The truth about Git

Git Object Model


Git Repository

Git repository mirrors the evolution of a project during its lifetime. It is the place where the snapshots taken during the project construction are kept, as all the necessary information to allow the users to navigate through all the snapshots. The snapshot’s structure and snapshot's relations are kept using, what is called, Git objects. The information needed to go through the project is kept in, what is called, Git references. In the next sections we present both of them.

Git Objects

As we have presented before, Git keeps snapshots of how your system looked like on a certain moment in time. This moment in time is represented in Git by a commit. Each commit points to a tree (corresponding to a directory), that represents the structure of your project at that moment. So a tree contains others trees and/or blobs. In Git the files are not stored as such. What keeps is an object called blob that represents the content of files. The relation between the path of a file and the content of that path is kept on the trees corresponding to that path.

Next figure presents an example of a snapshot. We have a commit that points to a tree. This first tree corresponds to the root directory of the project. All the other trees (and blobs) corresponds to some directory (or file) preserving the relation between them.

In the next sections a detailed description about each object is given, but for now something that is useful to know is that each object is identified by a 40-character string. This string is calculated by taking the SHA I hash of the contents of the object. This approach has many advantages, being the two more important, in our opinion, the fact that it is possible to compare two objects only by comparing the hash and if two objects have the same content then only one of them is kept.

Figure 3

Blob

A blob object, as said before, represents the content of a file and the blob identifier is calculated from the blob content. So if we have two files exactly with the same content, only one blob will be stored, even if, they have different names. This happens because the blob is not directly associated to a file. The relation between a path (of a file) and a blob is kept in the tree object. Figure 3 shows an example of a blob representing two files.

Tree

A tree is nothing else than a map from names to blobs and other trees. Also here, a tree is not associated to any specific directory. If two directories have exactly the same content they will be represented by the same tree object. Having the same content means having exactly the same relations, or in other words, we have exactly the same names in both trees and each name corresponds exactly to the same objects in both trees.

Commit

The commit object, is like a snapshot of the project on a certain moment in time. A commit object has more variety of information than the two objects addressed before. Looking a commit, it is possible to find out the following:

  1. Author - The person responsible for the change on the project.

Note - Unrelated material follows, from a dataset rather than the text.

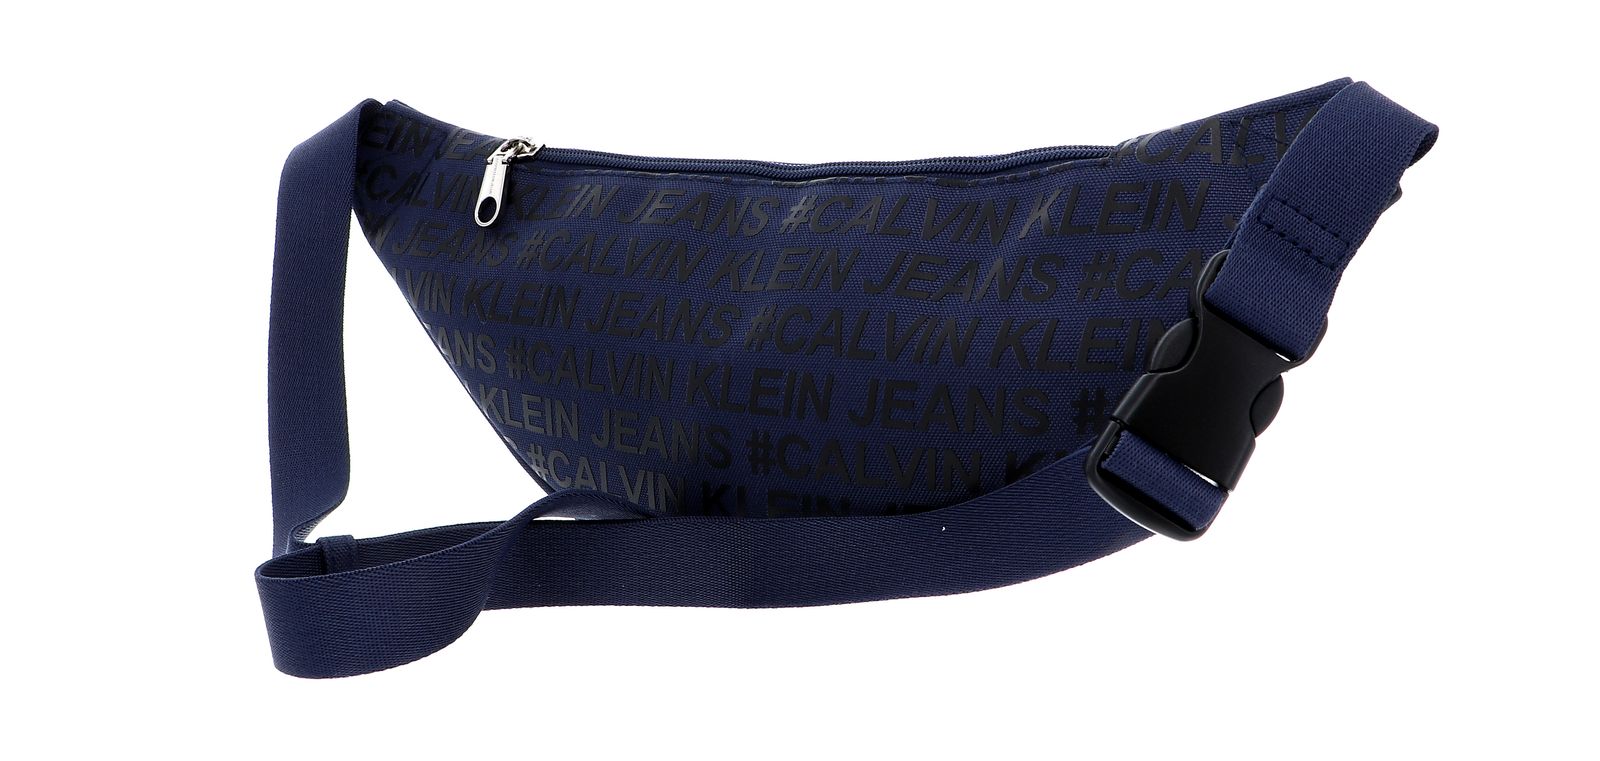 Calvin Klein Street Pack Navy with CKJ | Buy bags, purses & accessories

  2. Committer - The person which actually created the commit. It is possible that the committer is different from the author. An author can create a patch, send it to the committer, which will create the commit.

  3. Parent - The previous commit, or, the commit from which this one was created. It is possible for this field to be empty, when the commit is a Root Commit (the first commit to be done). It is also possible to have two parents, when the commit is a result from a merge operation.

  4. Comment - It is mandatory, when creating a commit, to write a comment about the commit. Such comments should contain details about the changes that were done in the project.

  5. Tree - It is a pointer for a tree, or in other words, it is a pointer for how the project looked like on a certain moment in time.

In our model, we concentrated our efforts in the Parent and in the Tree fields. We just care about the structure of the object model, so, we removed everything else that does not influences such structure. One property that we observed when modeling, is that, we cannot have cycles in the parent relation.

Tag

At last we have the tag object. The tag object is just a pointer to a commit with some more information. It can be used to mark a special commit, like a new version of the project. The structure is quite similar to the commit object. It has a tagger (the person who created the tag), a date in which the tag was created, a message (some comment from the tagger) and it points to a commit object. In our model we did not model this object, because when abstracting it looks like a branch, that we will see in next chapter.

Git references

Basically a reference is just a pointer to a commit. There is much more about references, but in this manual we will focus on Branches and the special reference HEAD.

Branches

One of the trump cards of Git is its definition of branches. In other VCS each time a branch is created a new copy of the entire repository has to be done. Thus, branch operations in those VCS are slow and hard to use. In Git, when a new branch is created the only thing that Git does is to create a new pointer to the current commit. The current commit is marked by a special reference called HEAD, that we present next.

HEAD

HEAD is maybe the most important reference in the repository. It indicates where you are situated in the repository. When a commit is done, Git has to know which commit is going to be the parent. It does so, looking into the HEAD. HEAD normally is a pointer to a branch, so when the commit is done, the HEAD is kept, but the branch points to the new commit. HEAD can identify directly a commit, like for example, when a checkout is performed using a commit hash. But in this document lets keep it simple, HEAD will identify always a branch.